* [WHAT IS EXPECTED]: Repeat the whole listing word for word, skipping pictures.

* [PROVIDED MATERIAL]:
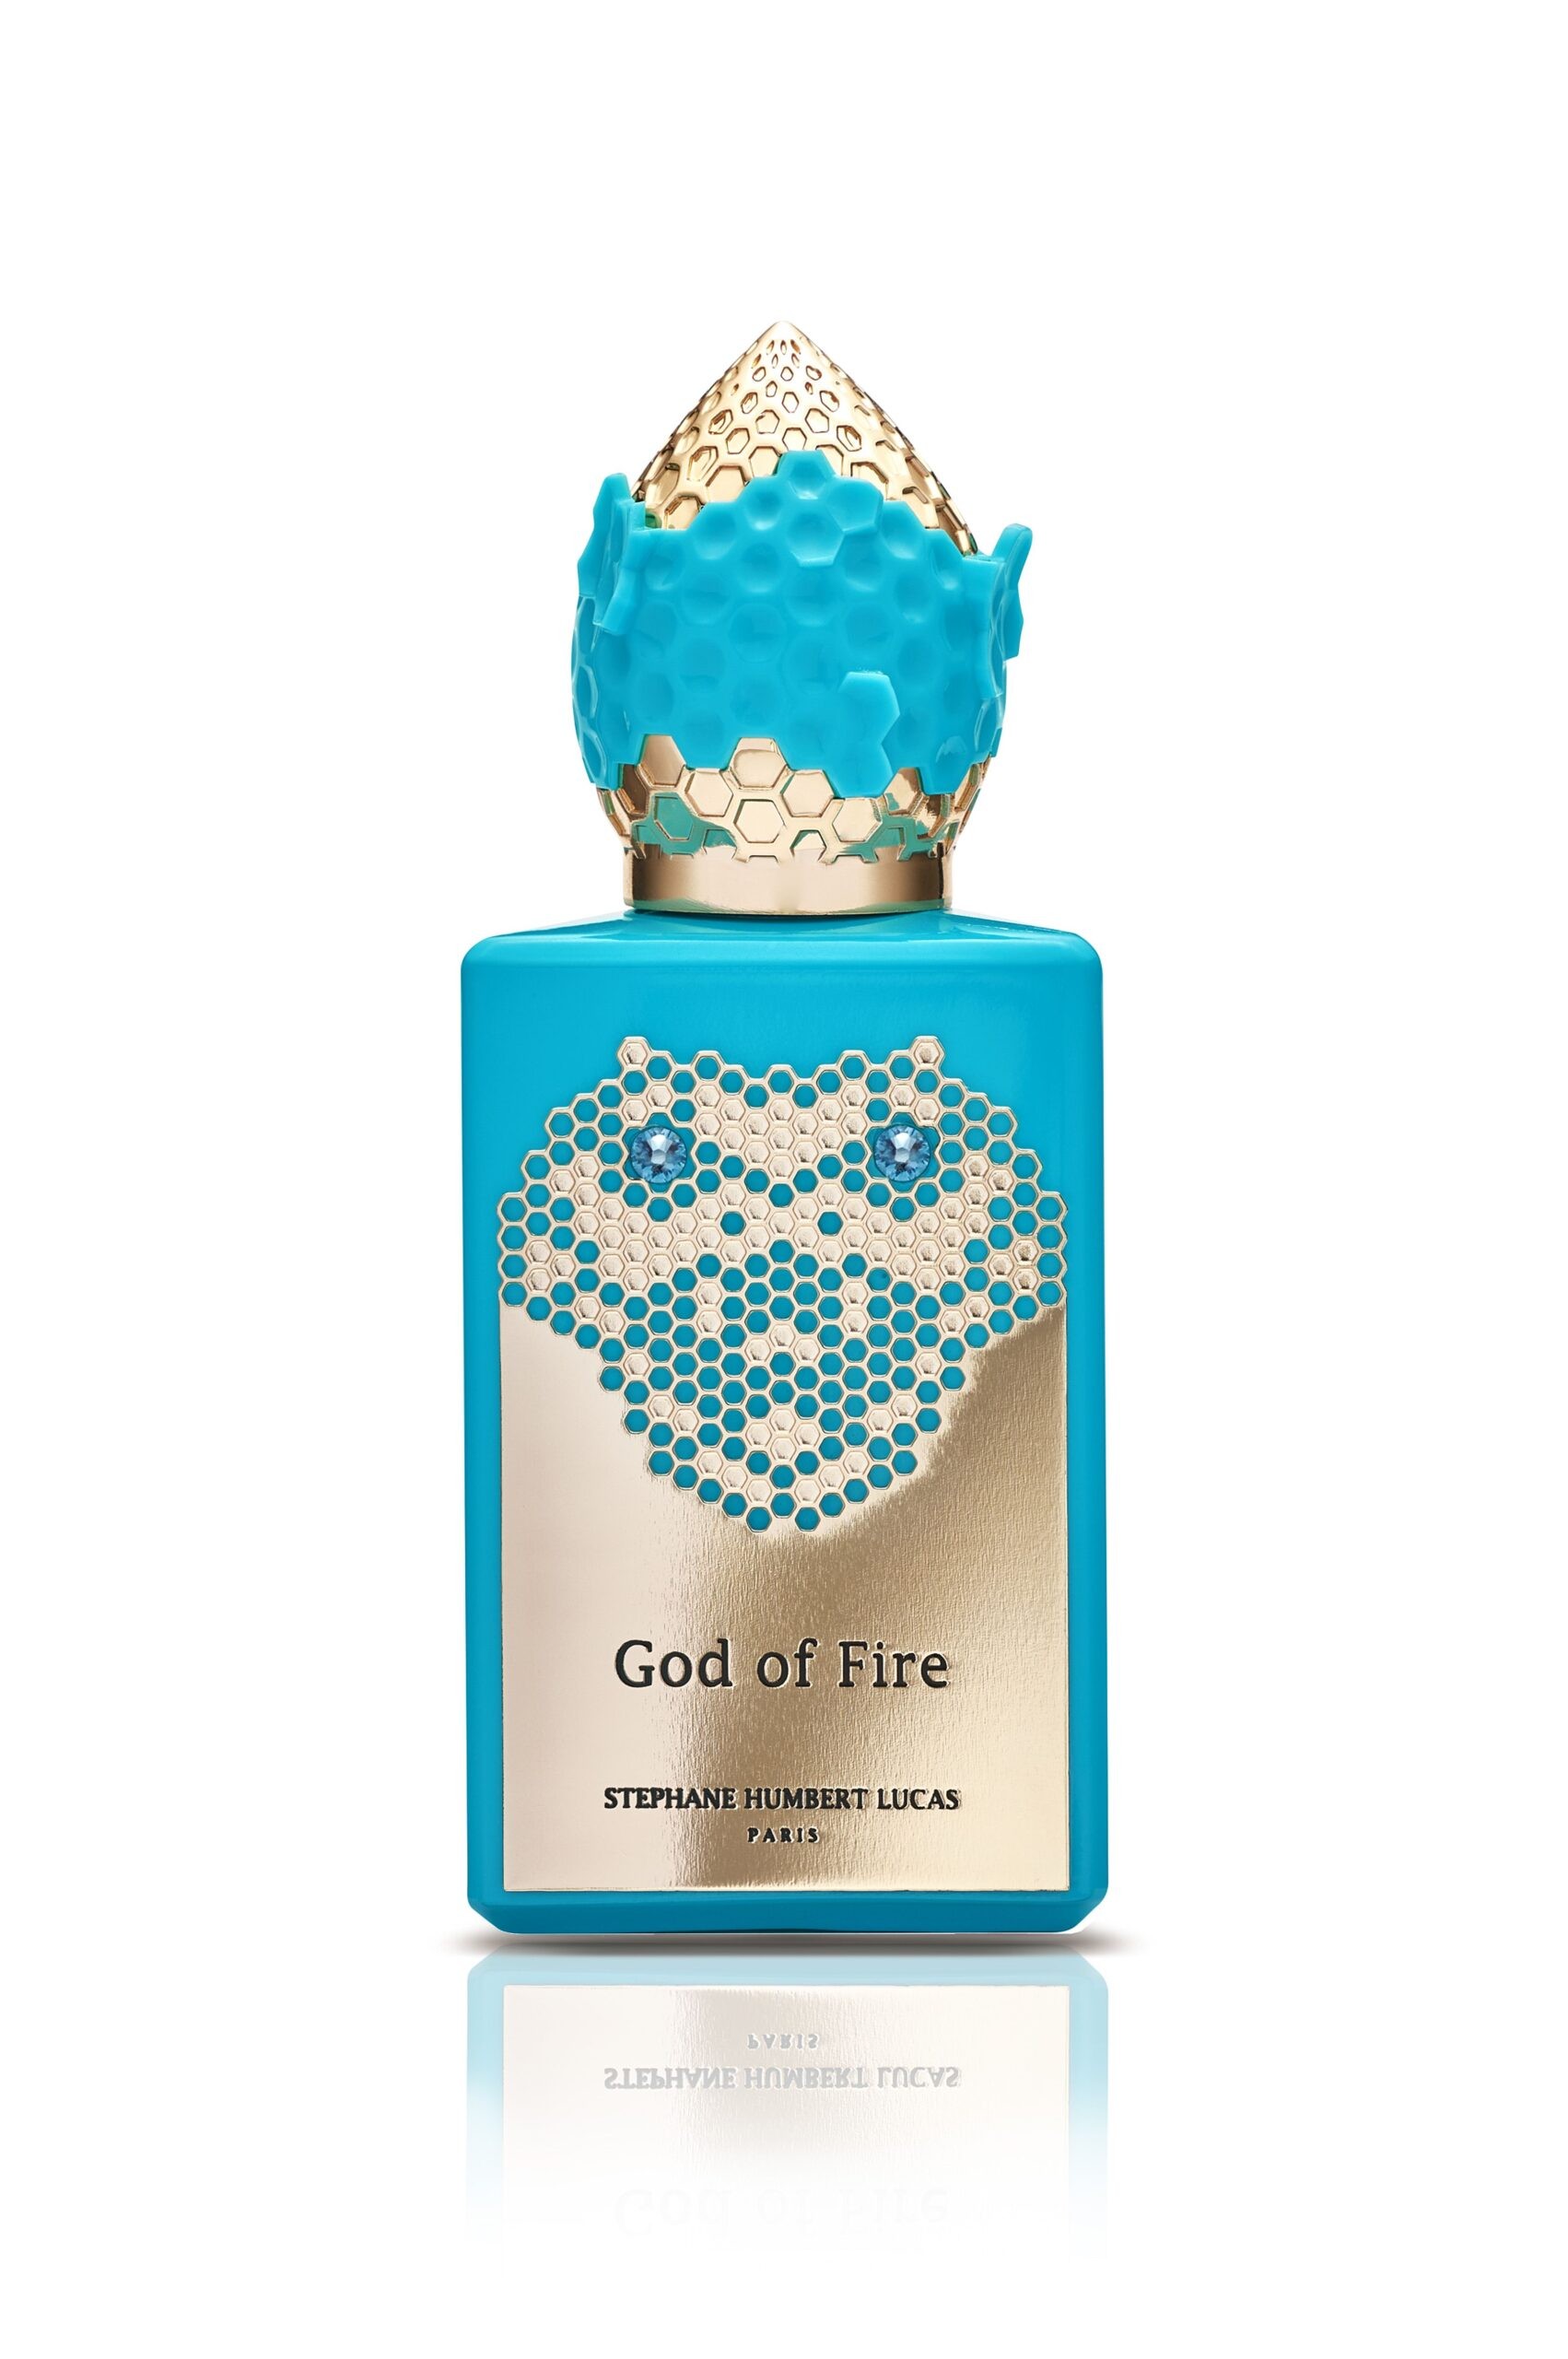 Stephane Humbert Lucas God of Fire - Snake Collection 50ml Eau de Parfum
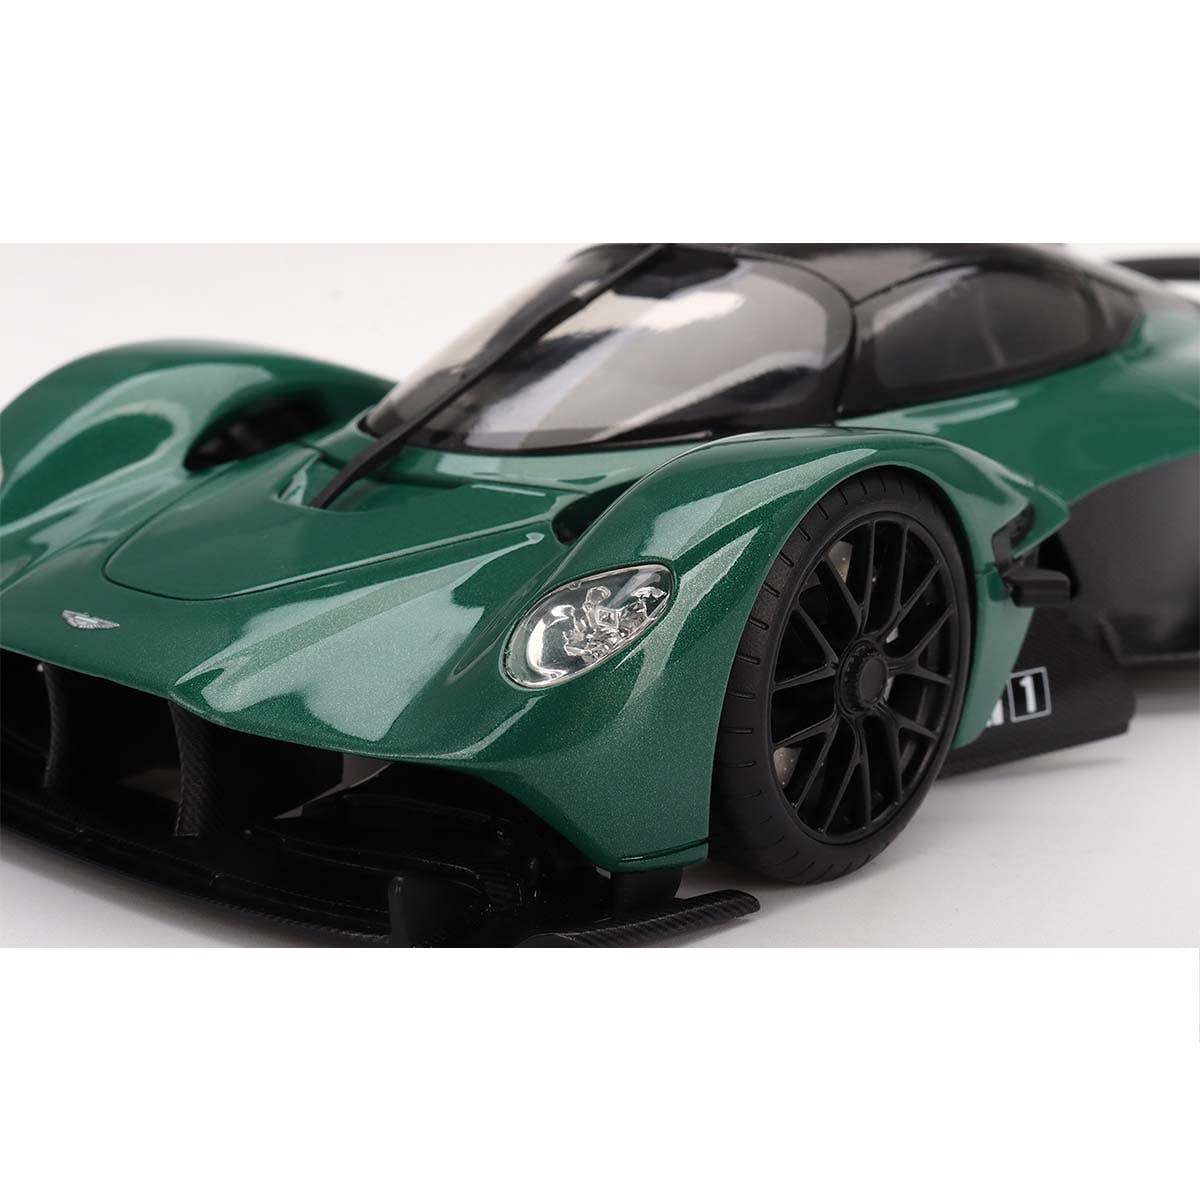 Aston Martin Valkyrie  Aston Martin Racing Green - 1:18 Scale Resin Model Car
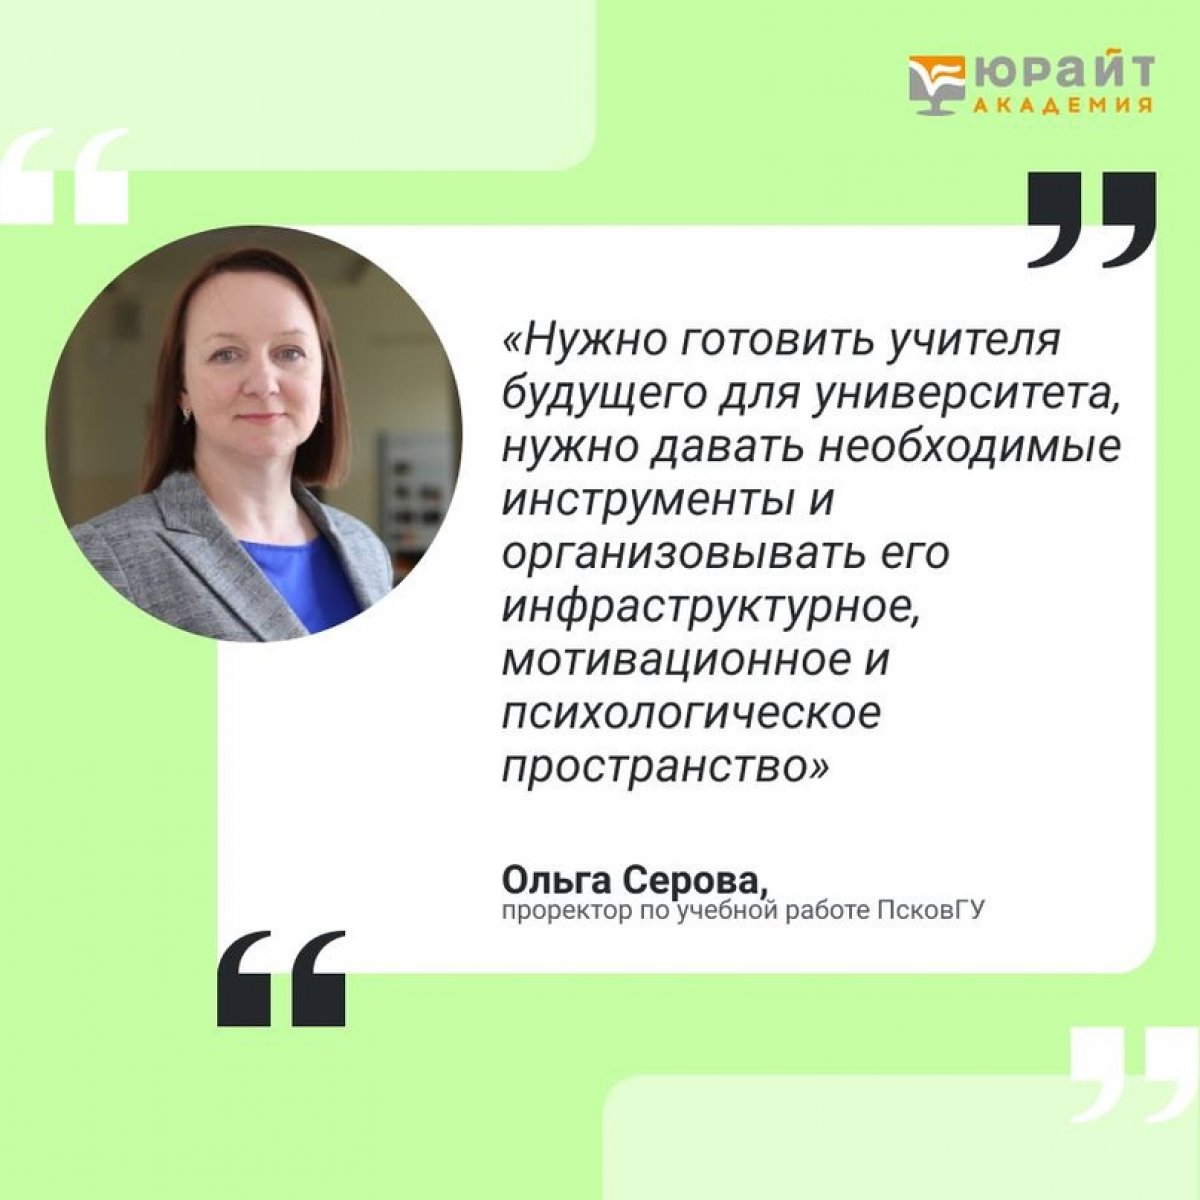 Представители ПсковГУ выступили экспертами на дискуссии о цифровизации образования на образовательной платформе «Юрайт»
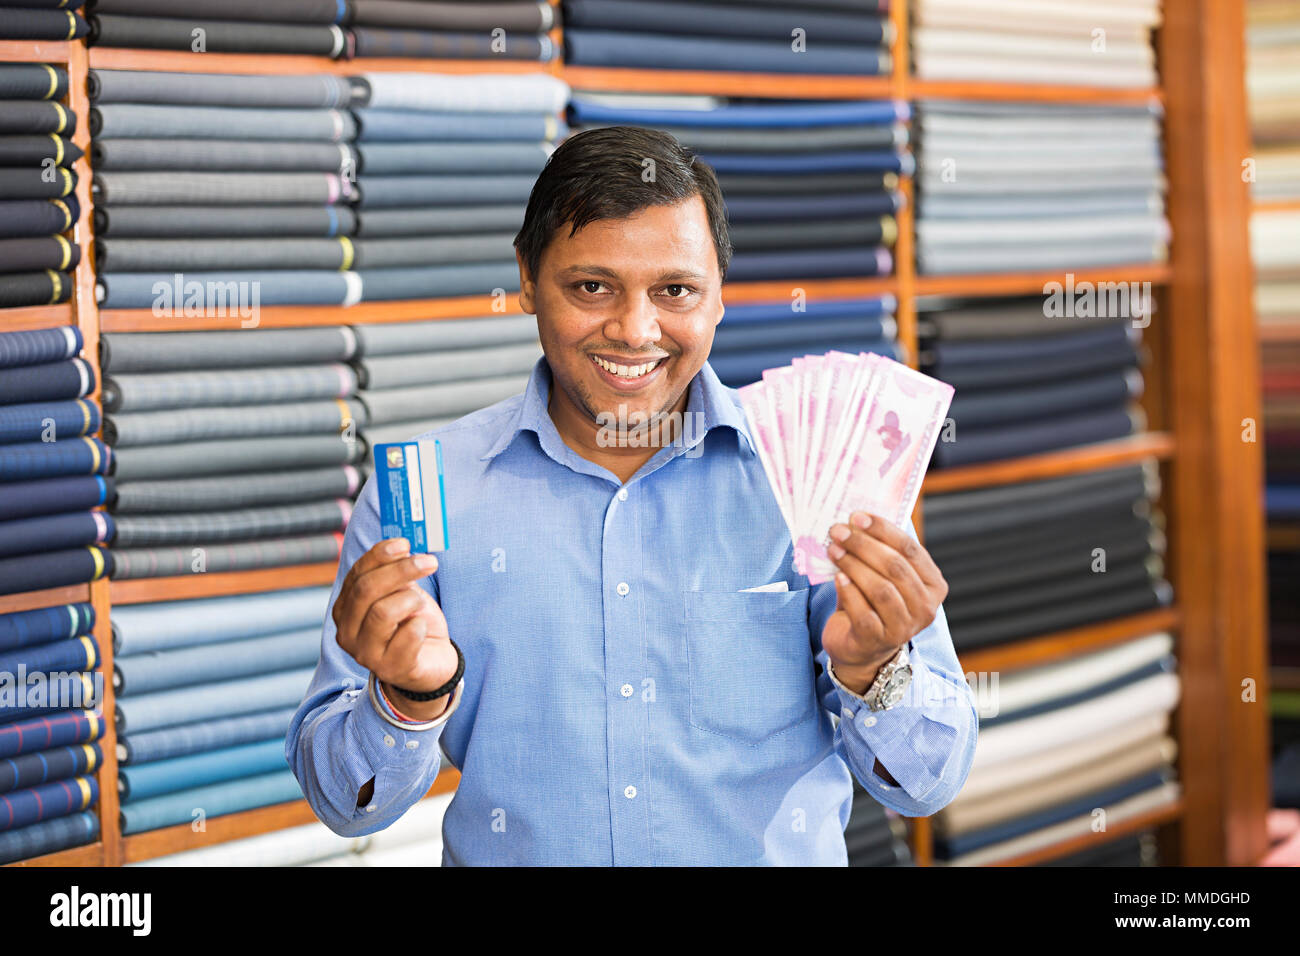 Un commerçant de vêtements montrant roupies avec Debit-Card In clothes store Banque D'Images

* [SOLUTION FOR THIS EXERCISE]:
 Stephane Humbert Lucas God of Fire - Snake Collection 50ml Eau de Parfum
 Aston Martin Valkyrie  Aston Martin Racing Green - 1:18 Scale Resin Model Car
 Представители ПсковГУ выступили экспертами на дискуссии о цифровизации образования на образовательной платформе «Юрайт»
 Un commerçant de vêtements montrant roupies avec Debit-Card In clothes store Banque D'Images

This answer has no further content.